Sesuai rencana Abi, perjalanan bus parawisata yang membawa anak-anak panti Asuhan Emanuel Group, tidak di cegat polisi atau petugas keamanan Emanuel Group. Perjalan Shita menuju pantu asuhan pun lancar.
Sesampainya di panti Asuhan, Shita di sambut beberapa pengurus panti, dan disana juga ada Abi. Shita merasa lega, tempat barunya adalah panti Asuhan, milik Abi, namun nama panti itu masih Emanuel Group.
"Selamat datang nona muda, semoga anda suka tempat ini." Sapa Abi.
Shita hanya mengangguk, tersenyum percuma, tidak ada yang melihatnya, karena dia masih mengenakan masker. "Aku sangat suka anak-anak, ku harap aku tidak menyusahkan, jika aku di sini." Ucap Shita.
"Tidak sama sekali, nona muda. Kami sudah tahu semuanya dari Abi. Nona muda aman di sini. Perkenalkan, saya Agtha Elweish, semua orang di sini memanggil saya, mama El." Seru wanita yang tampak sangat berwibawa itu.
"Mama El, adalah penannggung jawab panti ini." Abi menyela.
"Ayo, kita semua masuk," seru mama El.
Mereka semua masuk kedalam panti asuhan itu.

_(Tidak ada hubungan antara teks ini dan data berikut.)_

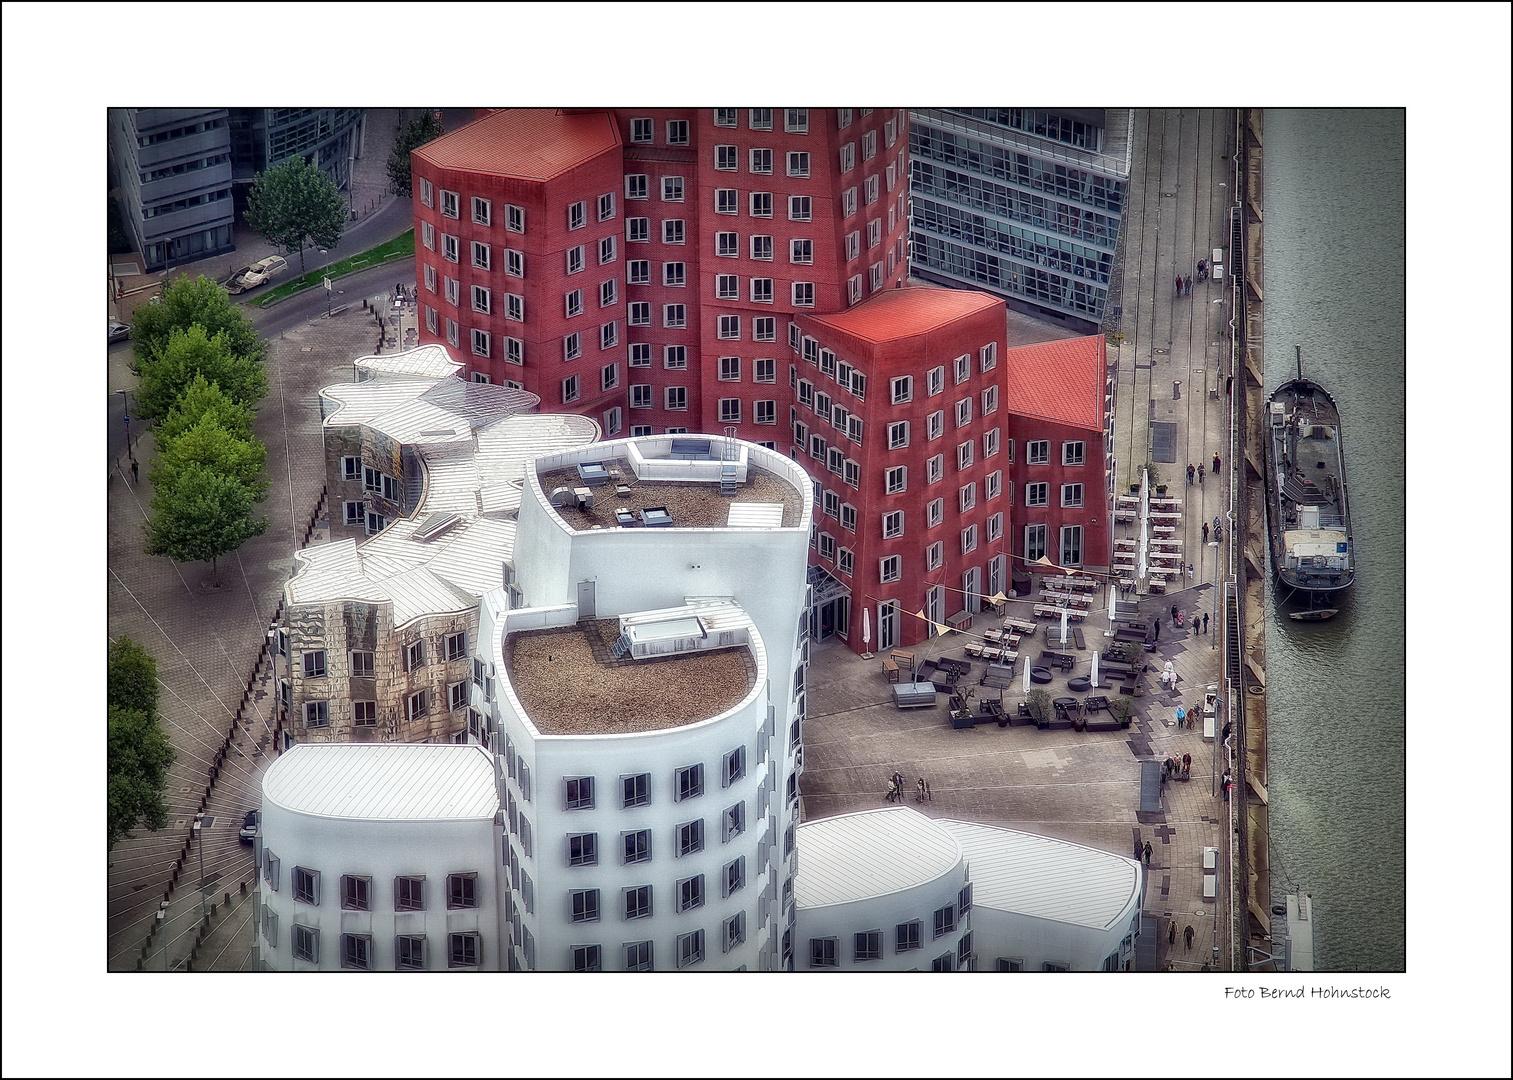 Düsseldorf Medienhafen  Gehry Bauten einmal anders ....

Shita tidak henti-hentinya memandangi apa yang dia lewati.
"Panti ini sangat luar biasa mama," seru Shita, sambil melepas masker yang menutupi wajahnya.

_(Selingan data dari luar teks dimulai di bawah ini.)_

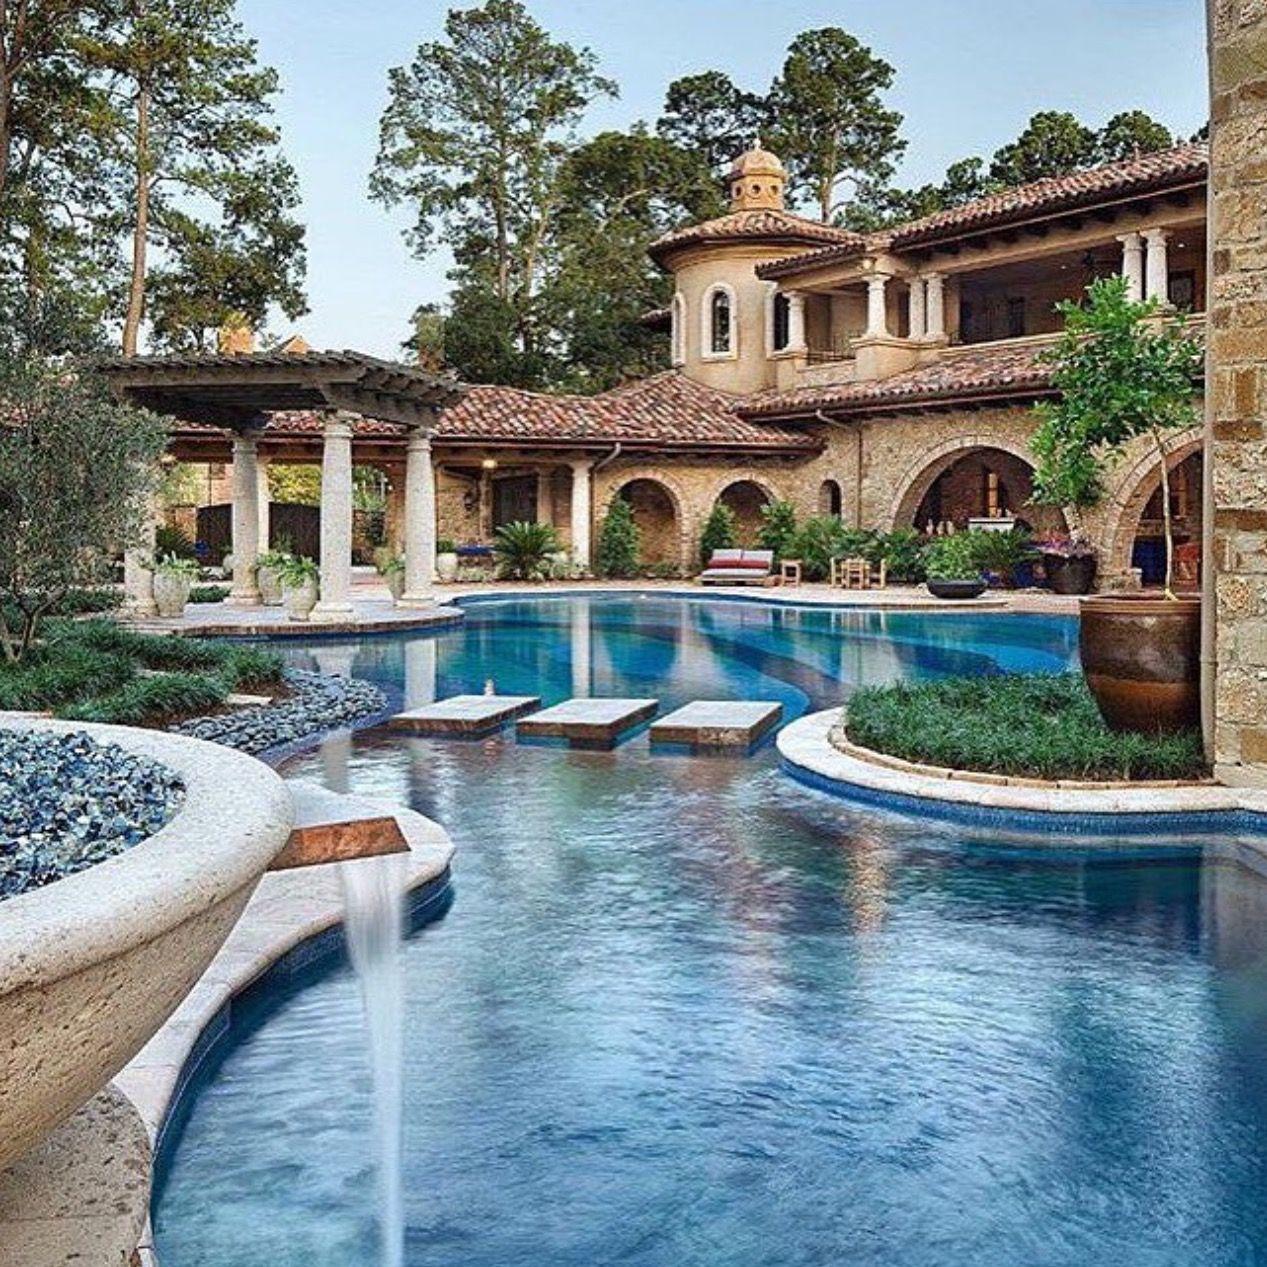 Aesthetic Elegance & Opulent

"Iya, semua ini, berdiri karena bantuan tuan Haka, dia ayah Mark, mertuamu." Seru mama El.
"Terima kasih Abi, ini tempat yang sangat indah." Seru Shita, sambil melihat anak-anak panti yang berlarian kesana kemari.
"Ini juga tempat yang tepat, kamu sedang hamil, panti ini punya klinik kesehatan sendiri, kami semua berjanji pada Abi, kami tidak akan mengadu pada Mark, kalau istrinya di sini." Ucap mama El, sambil menepuk lembut bahu Shita.

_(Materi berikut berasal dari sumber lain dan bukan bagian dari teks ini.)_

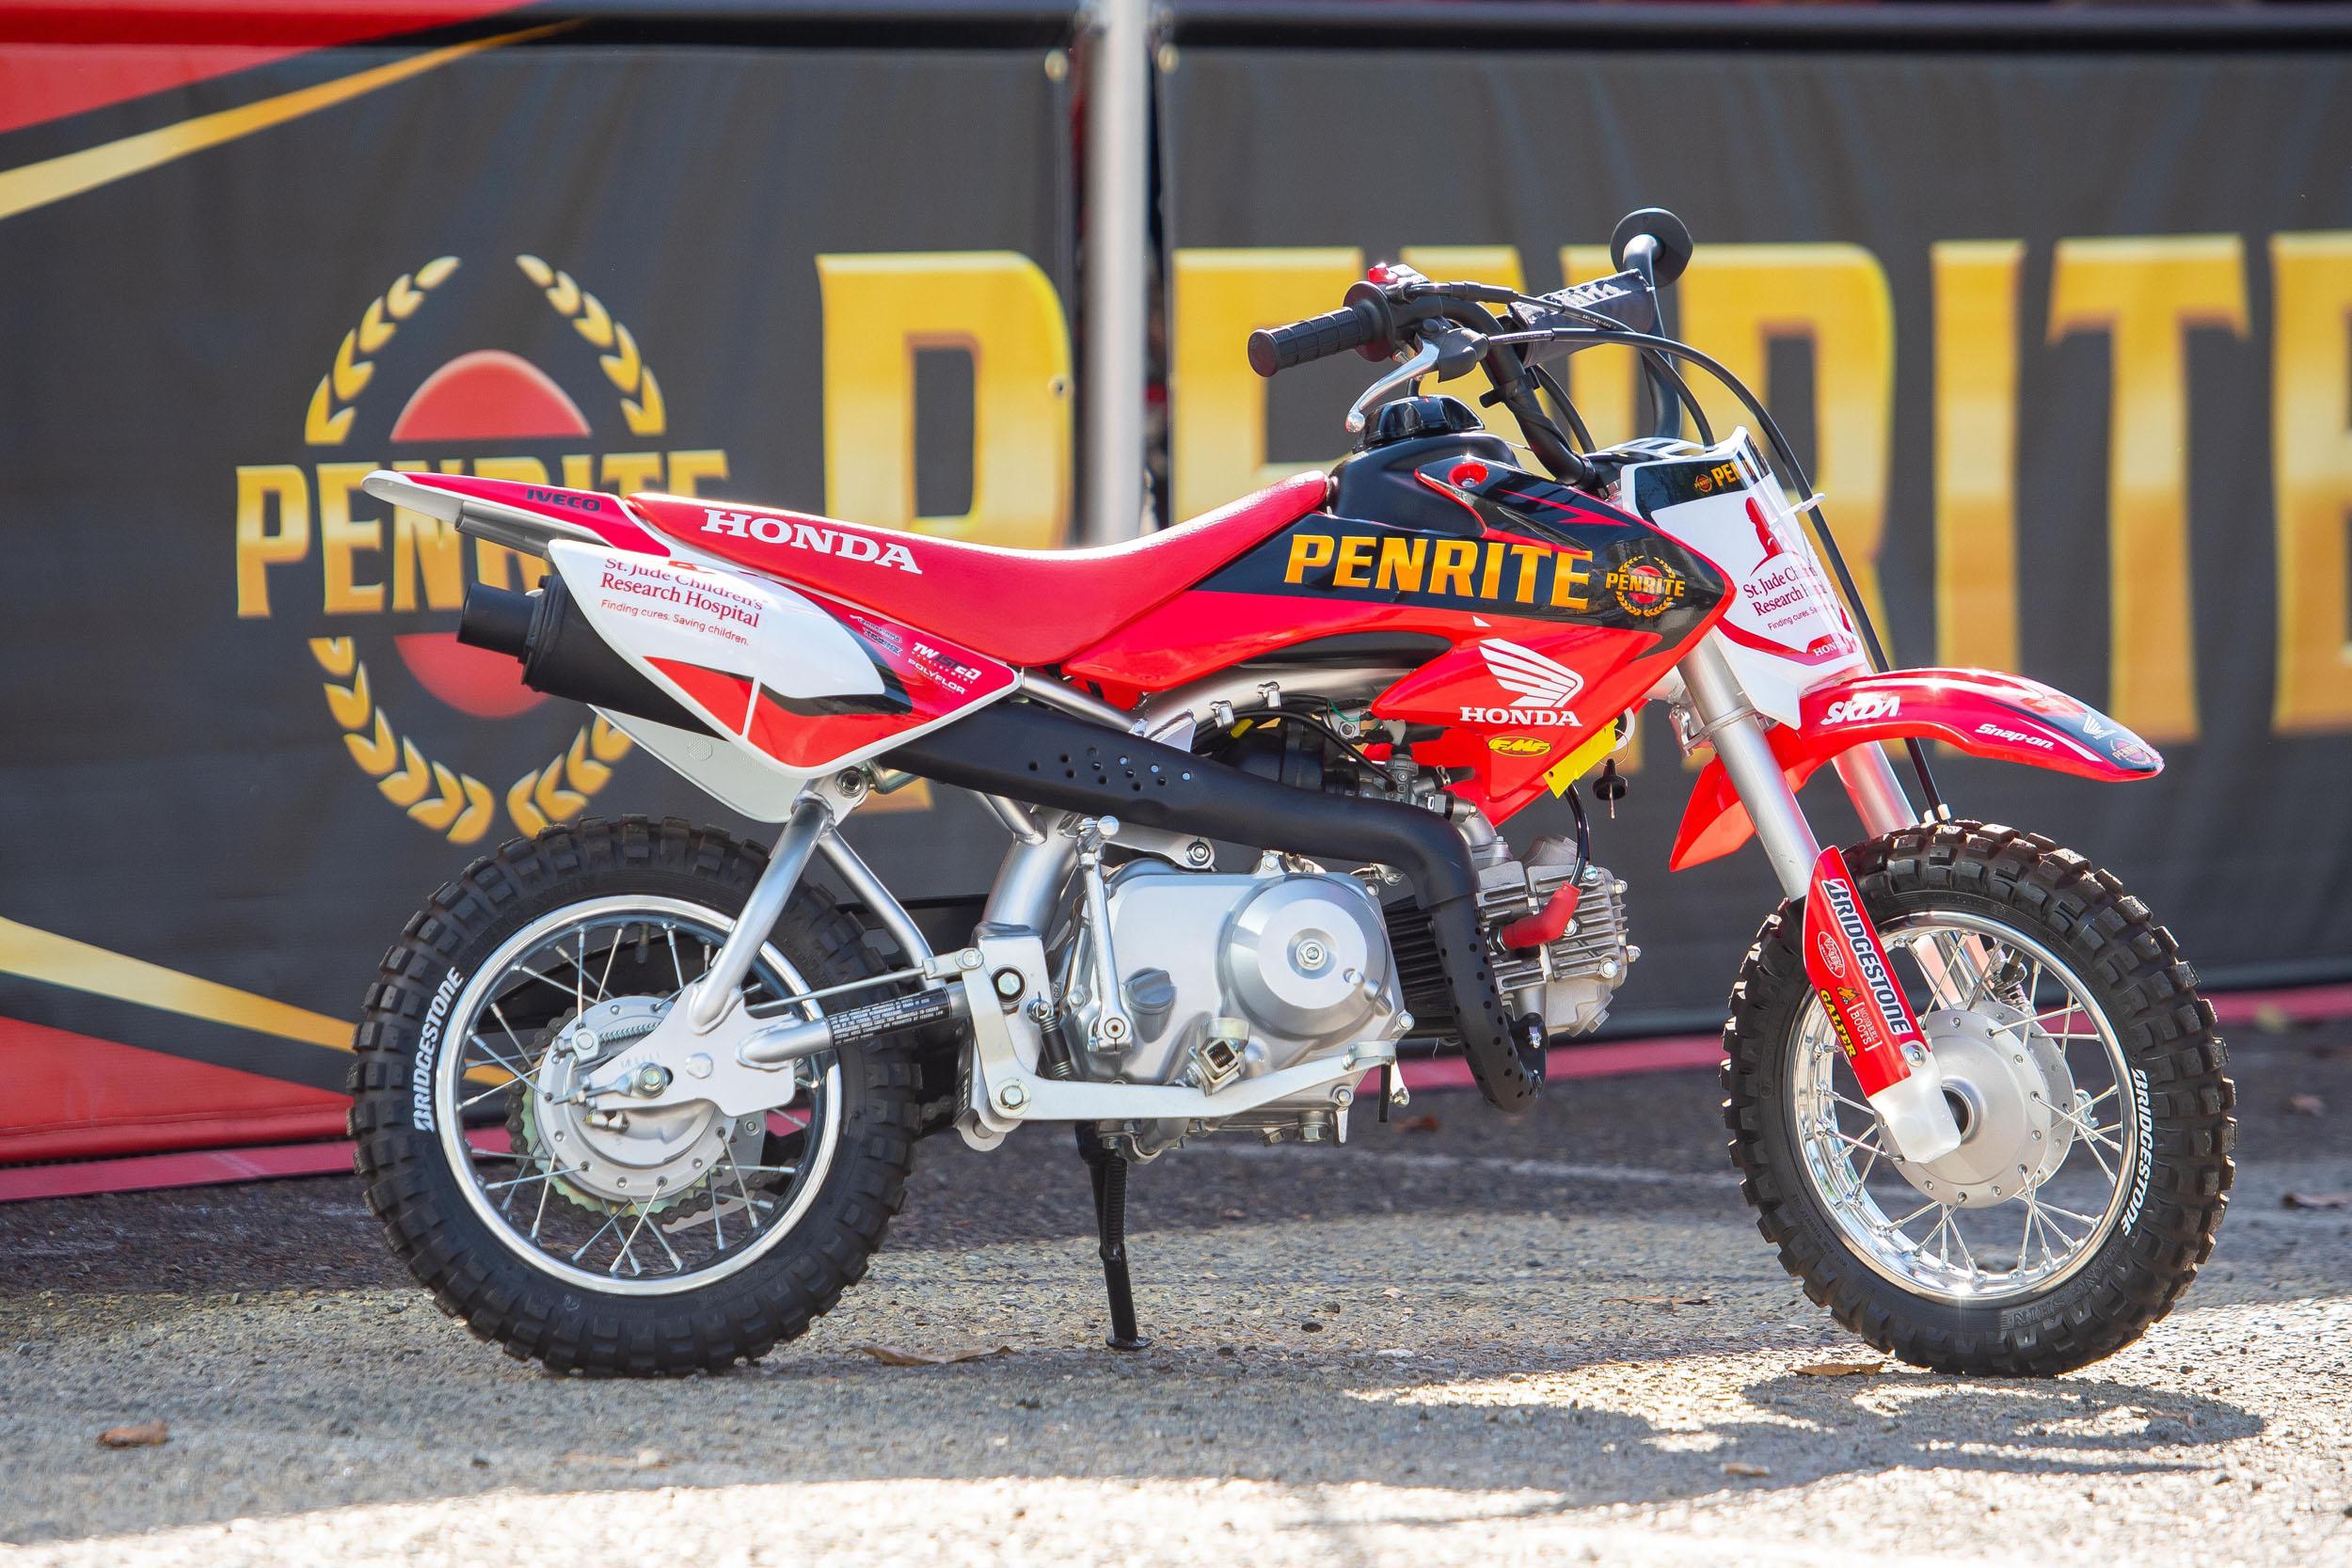 200501 St. Jude - Penrite Honda, competing in the Western Regional 250SX Class donated this Penrite Honda CRF50 team replica bike

"Andai kami kecolongan, dan Mark menemukan kamu di sini, dia tidak akan marah pada kami, karena kami menjaga istri dan calon anaknya." Seru Abi.
Shita merasa sesak, teringat kembali akan yang dia lihat malam itu. Dia menarik pelan nafasnya, dan mulai bicara, agar kesedihannya tidak dilihat orang lain. "Terimakasih mama," Shita langsung memeluk wanita yang akrab di panggil mama El tersebut.
"Abi, bolehkan aku minta tolong? Aku ingin kau kabari kedua orang tuaku, kalau aku baik-baik saja." Pinta Shita.
"Dengan senang hati nona, saya akan berkunjung kekediaman nona, untuk menemui pak Sammy dan bu Ana."
Shita sampai di ruangan yang akan menjadi kamar pribadinya, dia di berikan kamar khusus untuknya, karena saat ini dia tengah hamil.
__ADS_1
"Semua keperluan anda, sudah saya siapkan, baju dan perlengkapan lainnya, hiduplah dengan nyaman nona muda, jangan memikirkan hal lain, pikirkan diri anda dan calon bayi yang berproses dalam rahim anda." Seru Abi.
Shita mengangguk pelan, menanggapi kata-kata Abi. Sedang Abi dan mama El, langsung pergi dari kamar Shita.
Shita berjalan ke arah jedela yang ada di kamarnya, dia memandangi anak-anak penghuni panti asuhan ini, yang asyik bermain di bawah sana.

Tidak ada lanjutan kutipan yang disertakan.